Жизнь идет тревожно, быстро; занята весь день, даже отдыха в музыке нет. Посетители очень подчас тяжелы, как, например, Гальперины, вся семья. Начала лепить медальон – профили Л. Н. и мой. Страшно боюсь, трудно, не училась, не пробовала и очень отчаиваюсь, что не удается сделать, а хочется добиться, иногда сижу всю ночь, до пятого часа, и безумно утомляю глаза.

10 октября. Давно не писала – и жизнь пролетела. 18 сентября с болью сердца проводила мою Таню с ее семьей в Швейцарию, в Монтрё. Такая она была жалкая, бледная, худая, когда хлопотала на Смоленском вокзале с вещами и сопровождала больного мужа. Теперь от нее известия хорошие, слава богу.

День именин провела тоже в Москве. Было много гостей, прощавшихся с Сухотиными, и Сергей Иванович, которого я случайно увидела на улице и позвала. Он строго серьезен, что-то в нем очень изменилось, и еще он стал более непроницаем.

С 10 сентября на 11-е у нас на чердаке был пожар. Сгорели четыре балки, и если б я не усмотрела этого пожара, по какой-то счастливой случайности заглянув на чердак, сгорел бы дом, а главное, потолок мог бы завалиться на голову Льва Николаевича, который спит как раз в той комнате, над которой горело на чердаке. Мной руководила божья рука, и благодарю за это Бога.

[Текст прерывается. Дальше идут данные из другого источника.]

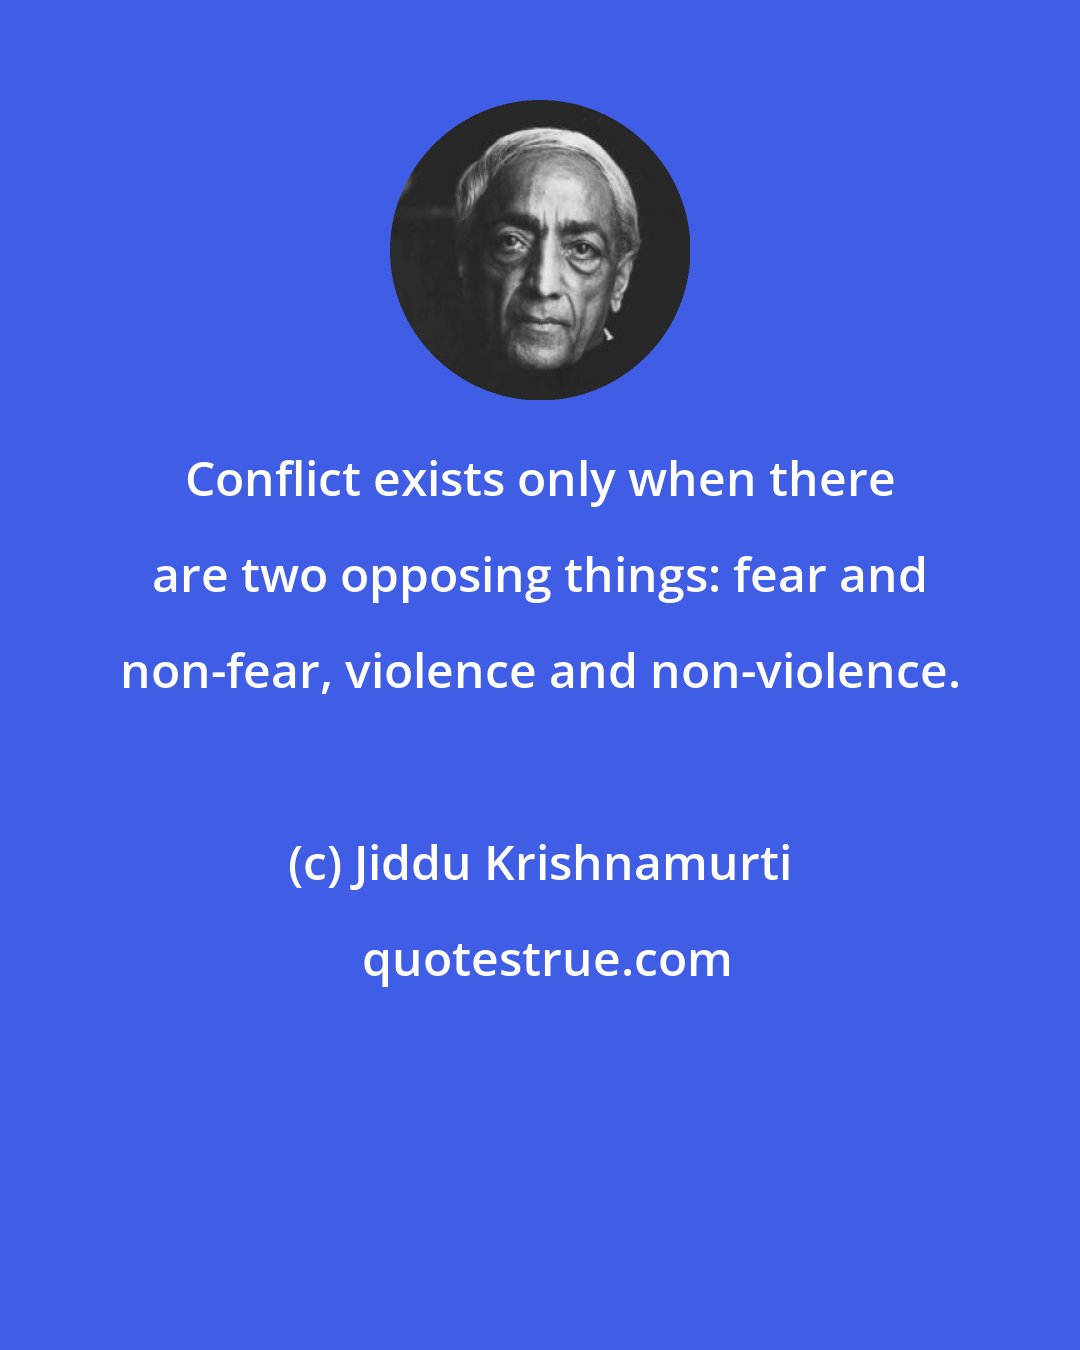 Jiddu Krishnamurti: Conflict exists only when there are two opposing things: fear and non-fear, violence and non-violence.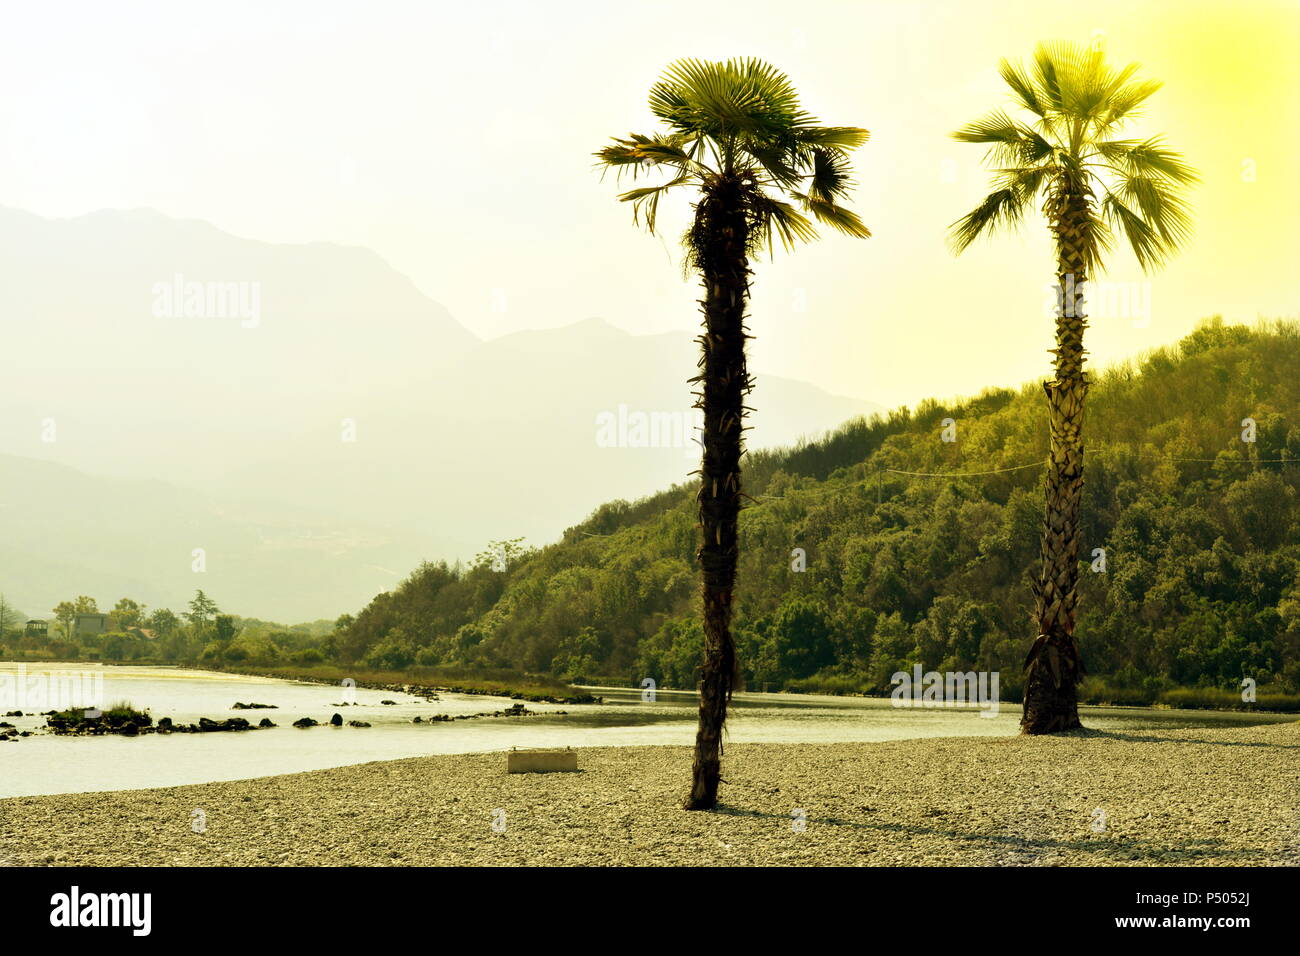 Two palms on the beach with mountains in warm colors. Stock Photo

Жили всё это время спокойно, дружно и хорошо. После ремонта и починок в доме я всё почистила, убрала, и жизнь наладилась правильная и хорошая. Лев Николаевич был здоров, ездил много верхом, писал «Хаджи-Мурата», которого кончил, и начал писать обращение к духовенству. Вчера он говорил: «Как трудно, надо обличать, а не хочу писать недоброе, чтоб не вызвать дурных чувств».

Но мирная жизнь наша и хорошие отношения с дочерью Машей и ее тенью, то есть мужем ее Колей, порвались. История эта длинная.

Когда произошел раздел имущества в семье по желанию и распределению Льва Николаевича, дочь Маша, тогда уже совершеннолетняя, отказалась от участия в наследстве родителей как в настоящее, так и в будущее время. Я ей не поверила, взяла ее часть на свое имя и написала на этот капитал завещание в ее пользу. Но смерти моей не произошло, а Маша вышла замуж за Оболенского и взяла свою часть, чтоб содержать его и себя.

Не имея никаких прав на будущее время, она почему-то тайно от меня переписала из дневника своего отца 1895 года целый ряд его желаний после его смерти. Там, между прочим, написано, что он страдал от продажи своих сочинений и желал бы, чтоб семья не продавала их и после его смерти. Когда Л. Н. был опасно болен в июле прошлого, 1901 года, Маша тихонько от всех дала отцу эту бумагу, переписанную из дневника, чтобы подписать его именем, что он, больной, и сделал.

Мне это было крайне неприятно, когда я случайно об этом узнала. Отдать сочинения Л. Н. в общую собственность я считаю дурным и бессмысленным. Я люблю свою семью и желаю ей лучшего благосостояния, а передав сочинения в общественное достояние, мы наградим богатые фирмы издательские, вроде Маркса, Цетлина и другие. Я сказала Л. Н., что если он умрет раньше меня, я не исполню его желания и не откажусь от прав на его сочинения; и если б я считала это хорошим и справедливым, то при жизни его доставила бы ему эту радость отказа от прав, а после смерти это не имеет уже смысла для него.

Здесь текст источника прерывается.